Alex Wierbinski's picture

By Alex Wierbinski - Posted on 02 May 2014

Backpacking Emigrant Wilderness

A fantastic  4 day Backpacking Trip into the Emigrant Wilderness from trailhead East of Pinecrest Lake near Highway 108.

Peter describes food resources there and back, roads, fishing, trail culture and terrain descriptions that make this a fantastic description of a fantastic backpacking trip.

Trail into Emigrant Wilderness from Crabtree Trailhead.
 Backpacking Trail into Emigrant Wilderness through Crabtree Trailhead

Thanks to Peter and Jason for sharing this!

Emigrant Wilderness NF PDF

All Tahoe to Whitney MAPS
Emigrant Wilderness Backpacking Maps


Emigrant Wilderness Trailheads NF PDF

TW Emigrant-N Yosemite TRAILS
Highway 108 to Highway 120 Trail Guide


Stanislaus National Forest


Hi Alex,

Here's the overview of our hike

Hikers:  Jason Mathis, Peter Skaff & Coal Porter (my black lab)

Sept 29
We left El Dorado Hills around 9 am, heading south on Hwy 49 towards Sonora. Along the way, we stopped for lunch and to pick up crickets at a gas & bait shop near Angels Camp. The hot, pulled pork sandwiches were delicious.

From Sonora, we turned east up Hwy 108, through Twain Harte and up to Pinecrest. From there, we took the mostly well paved Crabtree road towards the Trail Head of the same name. The last mile or two is unpaved.
This trail head had a large, paved parking lot where we divvied up some of the supplies and food to balance our packs, which each came out to 50 pounds. My black lab, Coal, also had a pack (which I did not weigh), in which he carried his food, a quart of water, a white fuel canister and our water filter.

We hit the trail head right around 2 pm heading south along the well-maintained trail, climbing moderately as we turned eastward.
At the top of this ascent, near the fork with the Pine Valley trail, we came across 4 rangers who were returning to the trailhead after replacing a trail post. They asked us for our wilderness permit. Jason had obtained a campfire permit before we left, but we had neglected to get a wilderness permit.
Fortunately, the lead Ranger produced a blank permit, which we filled out, and after some pleasant conversation, we continued our trek eastward.

The weather was cool and partly cloudy, perfect for hiking, as even on the ascents, I was only lightly perspiring. The first lake we came to was Camp Lake, which is not well-named as there is essentially no camping there.

Camp Lake in Emigrant Wilderness.
Camp Lake in Emigrant Wilderness.

From Camp Lake (at 7590 feet elevation), there is a short, steep descent down to Lilly Creek (~7300 ft), then a longer ascent to a saddle (~7900 ft), then slight descent to our first night's campsite at Lillipad Lake (~ 7850 ft).

Backpacking to Lilypad Lake in Emigrant Wilderness.

Lillypad Lake is well-named, as it is covered in lilly pads and is surrounded by granite, cotton woods and pines.

Miles and Gear Issues
Distance for the first day was 5.5 miles.
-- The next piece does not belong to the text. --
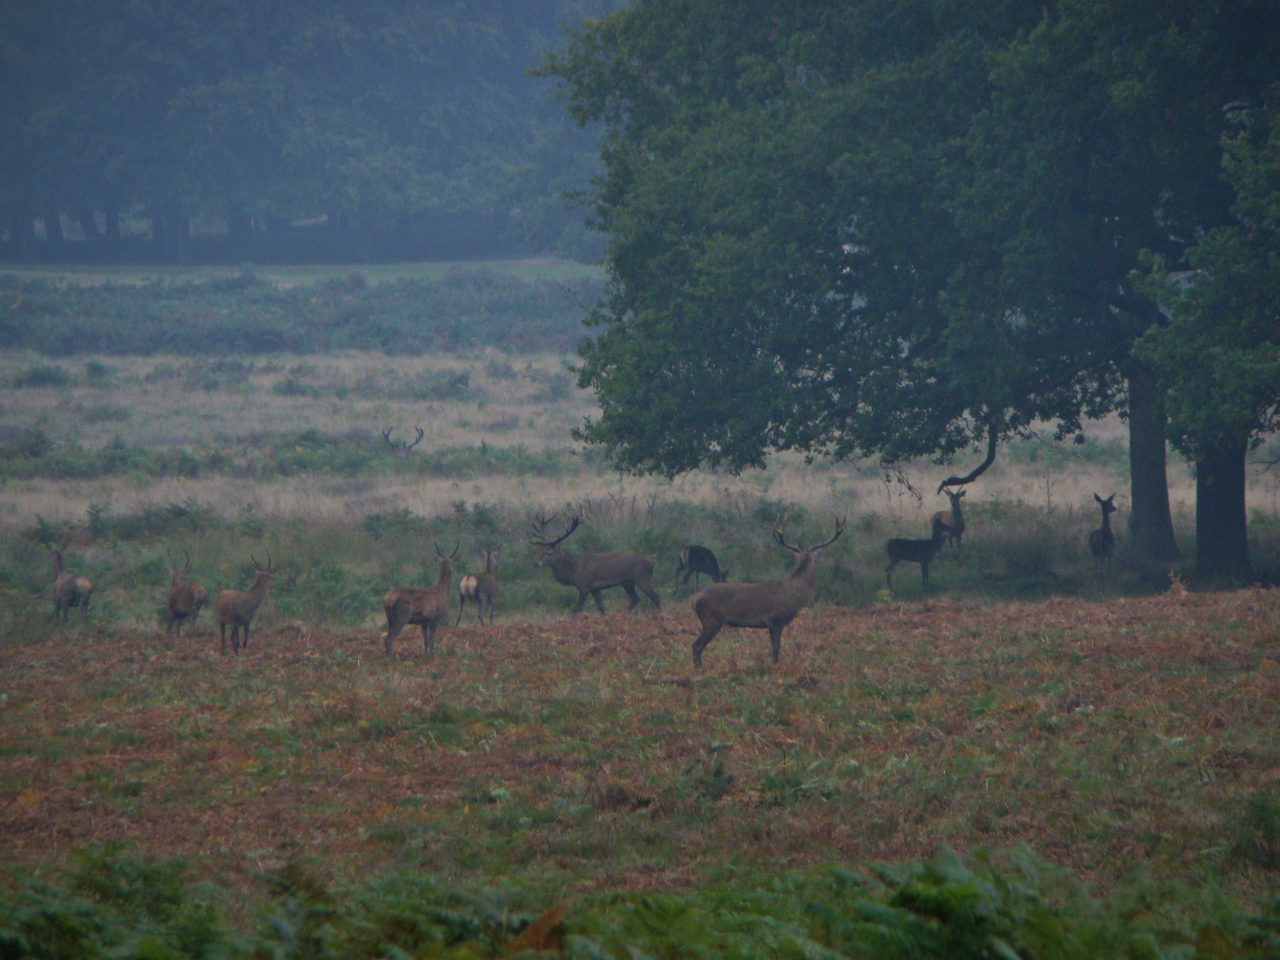 Red deer in Richmond Park, London, 3 October 2015

We made camp which included improving the fire ring and seating, then started dinner.
Jason brought his MSR stove and I had the Jet Boil. We have found that pre-heating water in the Jet Boil is more efficient when cooking meals on the stove, but unfortunately, the pump for the stove was not generating any pressure.
 We decided to make repairs the next day, when it would be light, boil water, make instant potatoes and eat some of our other provisions: jerky, nuts and dried fruit. 

Day 2
Sept 30: I awoke to find that my cricket cage, which I had laid next to my pack on a large granite boulder, was covered in large black ants. I had never experienced this before, and after shaking off all the ants, I found that they had annihilated my live bait, leaving only a few cricket parts behind. This didn't bode well for the angling I had planned for the streams around Deer Lake, our intended destination. 
We repaired Jason's stove (which consisted only of lubricating the pump's piston leather), and after a 20 minute yoga session, directed by Jason, we set off on the trail. Most of the trail from here out was granite, granite gravel and sand. It was clear that this was a popular horse trail, but we didn't see any bear scat along the way.
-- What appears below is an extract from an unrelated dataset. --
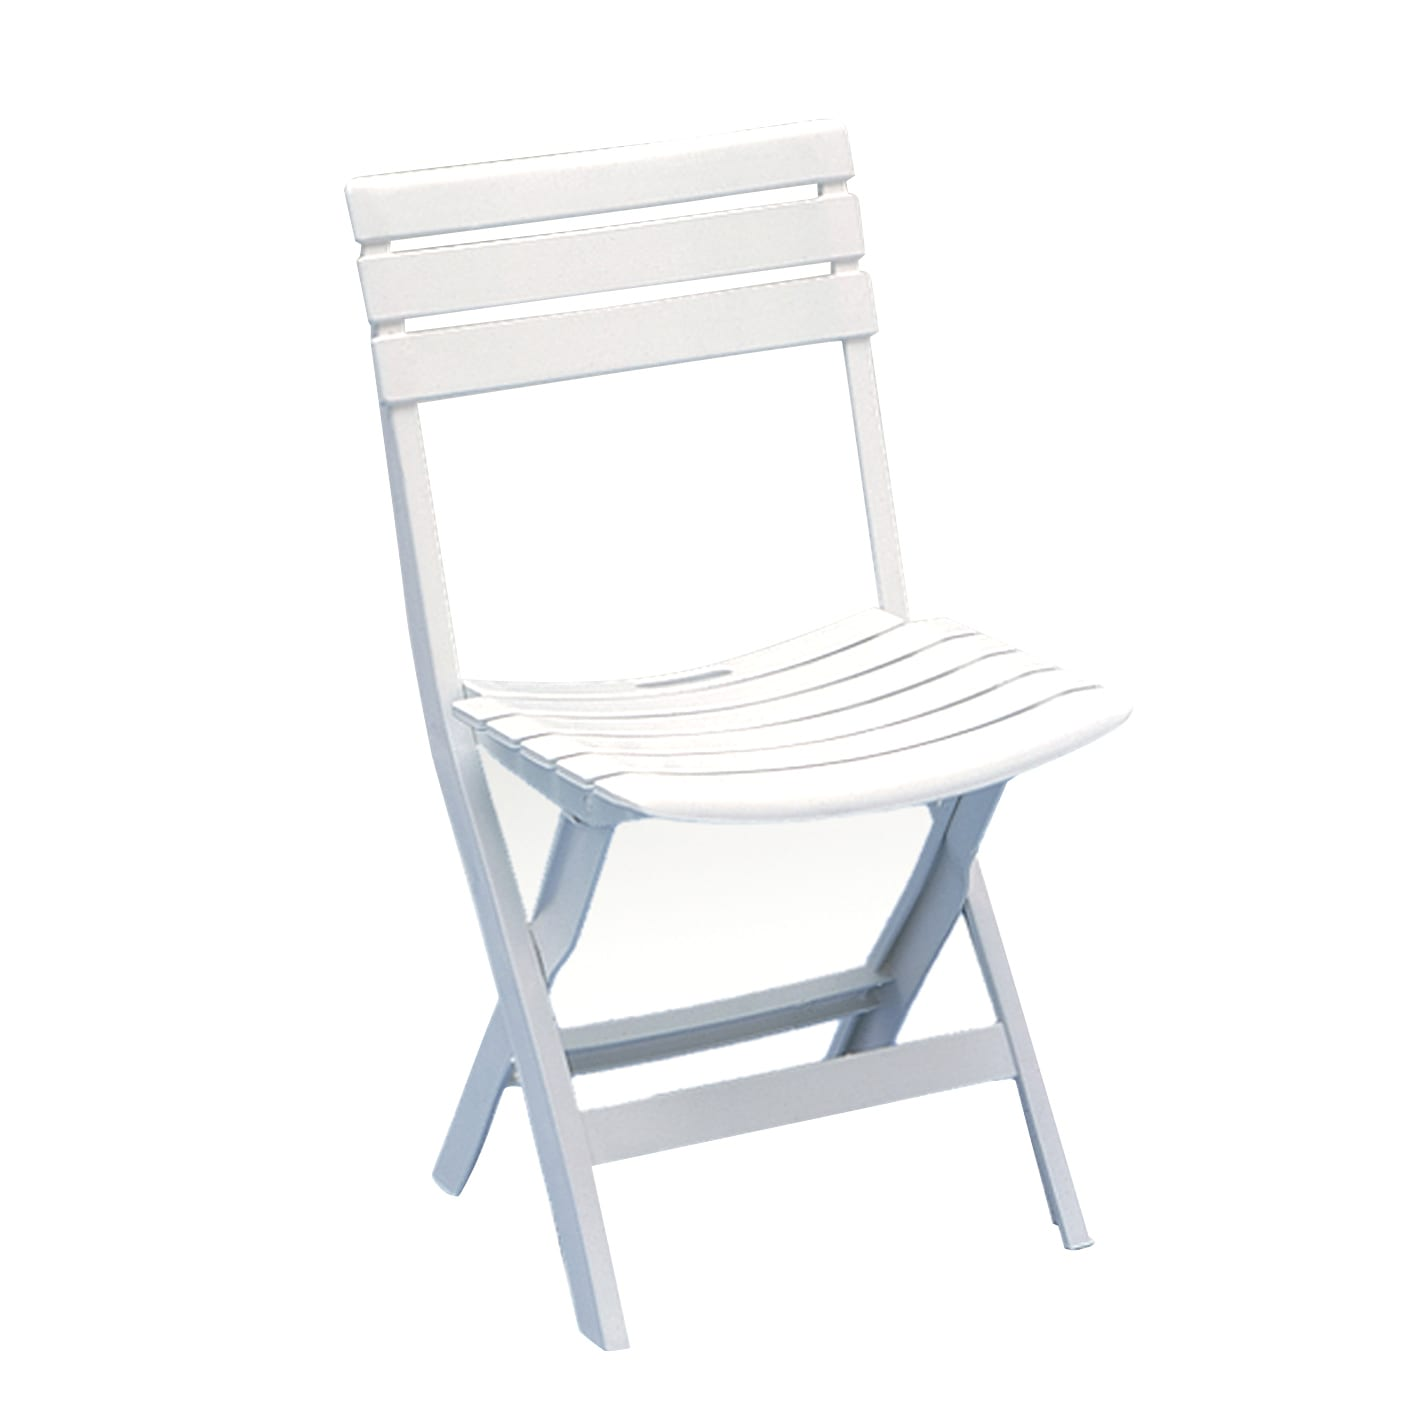 Sedie Bianche In Offerta.Sedia In Polipropilene Birki Colore Bianco Prezzi E Offerte Online

From Lillypad, there was another descent past Paiute Meadow, down to Paiute Creek (~7550 ft), then an ascent to Paiute Lake at ~ 7850 feet.
This is a small, but pretty lake and there is a forested peninsula that juts down from the trail south, into the lake body which made a nice rest stop. We caught up with a senior couple we had seen as they passed our campsite that morning, about an hour before we hit the trail that day.
They were about to leave the lake, and we conversed with them about the wilderness area and compared notes on gear selection. They had packed very light, which they attributed largely to dehydrating all of their food.
From Paiute Lake, another descent to Cherry Creek, then the final ascent of the day to Gem Lake at ~ 8200 feet. Another well-named lake, it was truly beautiful, with a high granite wall to the north, lightly forested areas on the west end and granite every where else.

Backpacking to Gem Lake in the Emigrant Wilderness.
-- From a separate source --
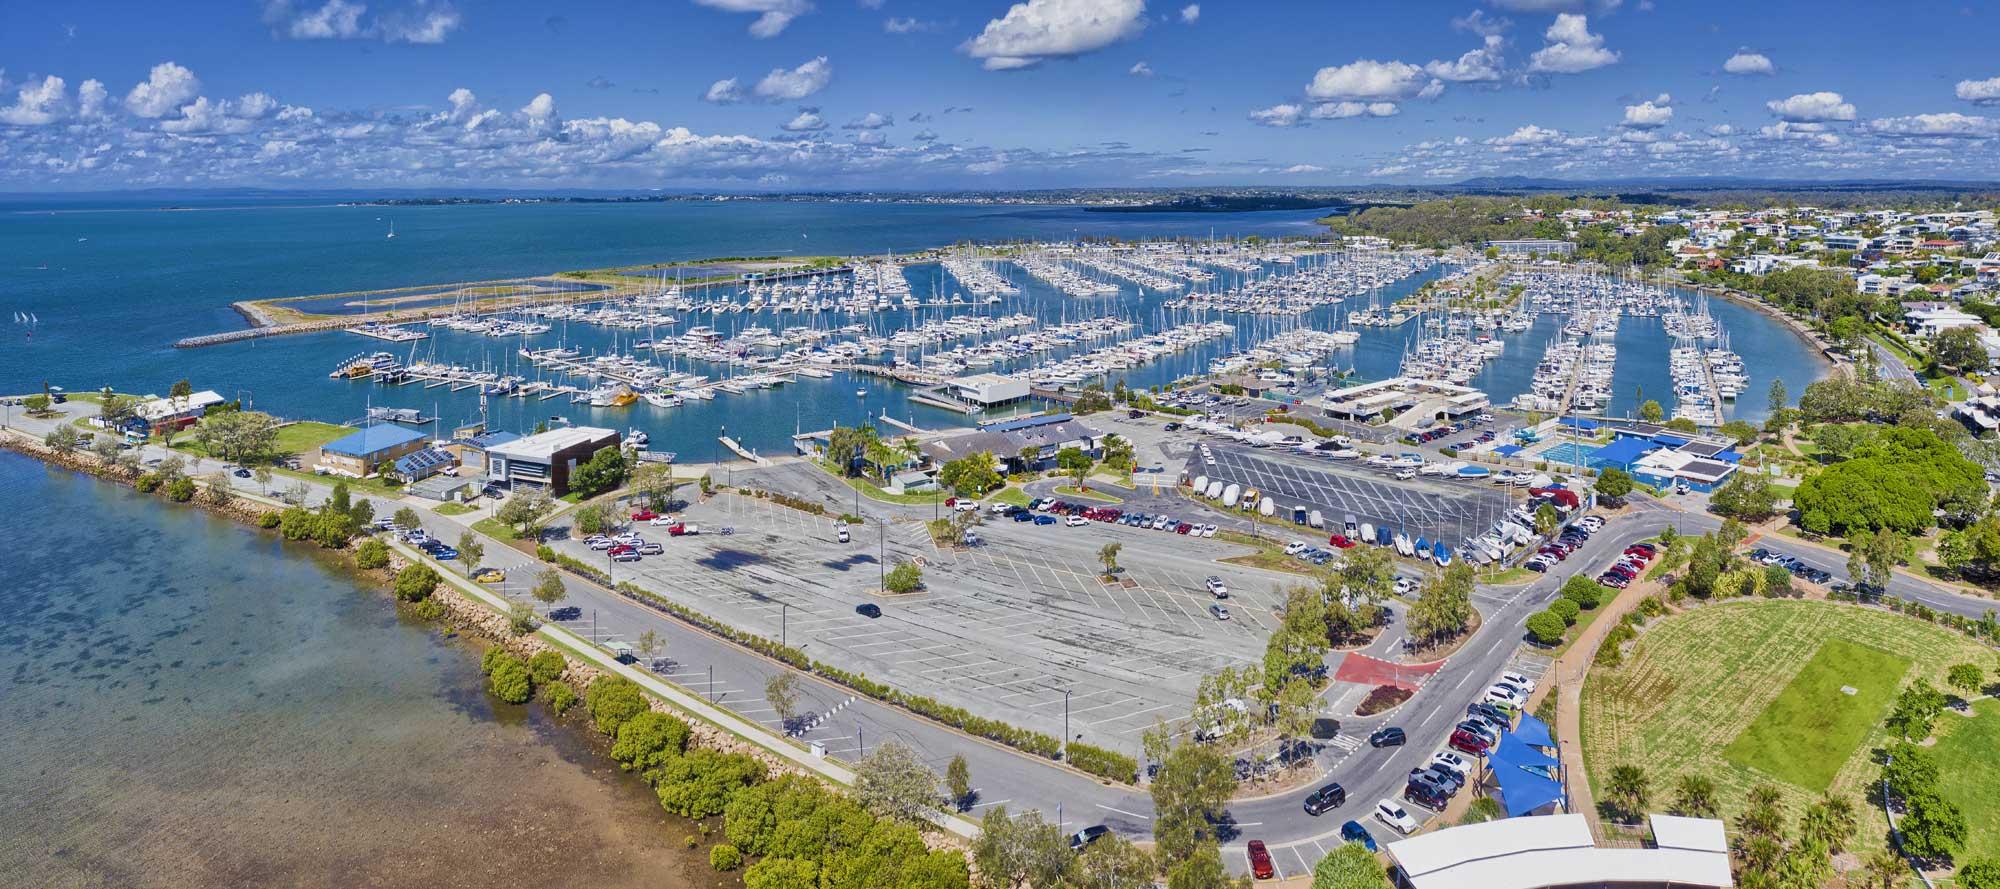 Drone Photography Brisbane - Many Boat Club

It was about 5 o'clock when we arrived, so we scouted the south side of the lake and found a number of very good campsites. We debated pushing on to Deer Lake, another 2 miles or so, but given the awesome beauty around us, decided to set up a base camp while we still had ample light. Distance that day was an easy 4.5 miles.

As usual, we improved the fire ring, upgrading to what has become our standard high backed, crescent shaped, heat radiator. With improved seating and a couple flat slabs for our "kitchen," we were ready for the night.
This area is essentially all granite, so foraging for felled wood took some time. We had some good luck along the outlet creek (which was dry) that courses south from the lake.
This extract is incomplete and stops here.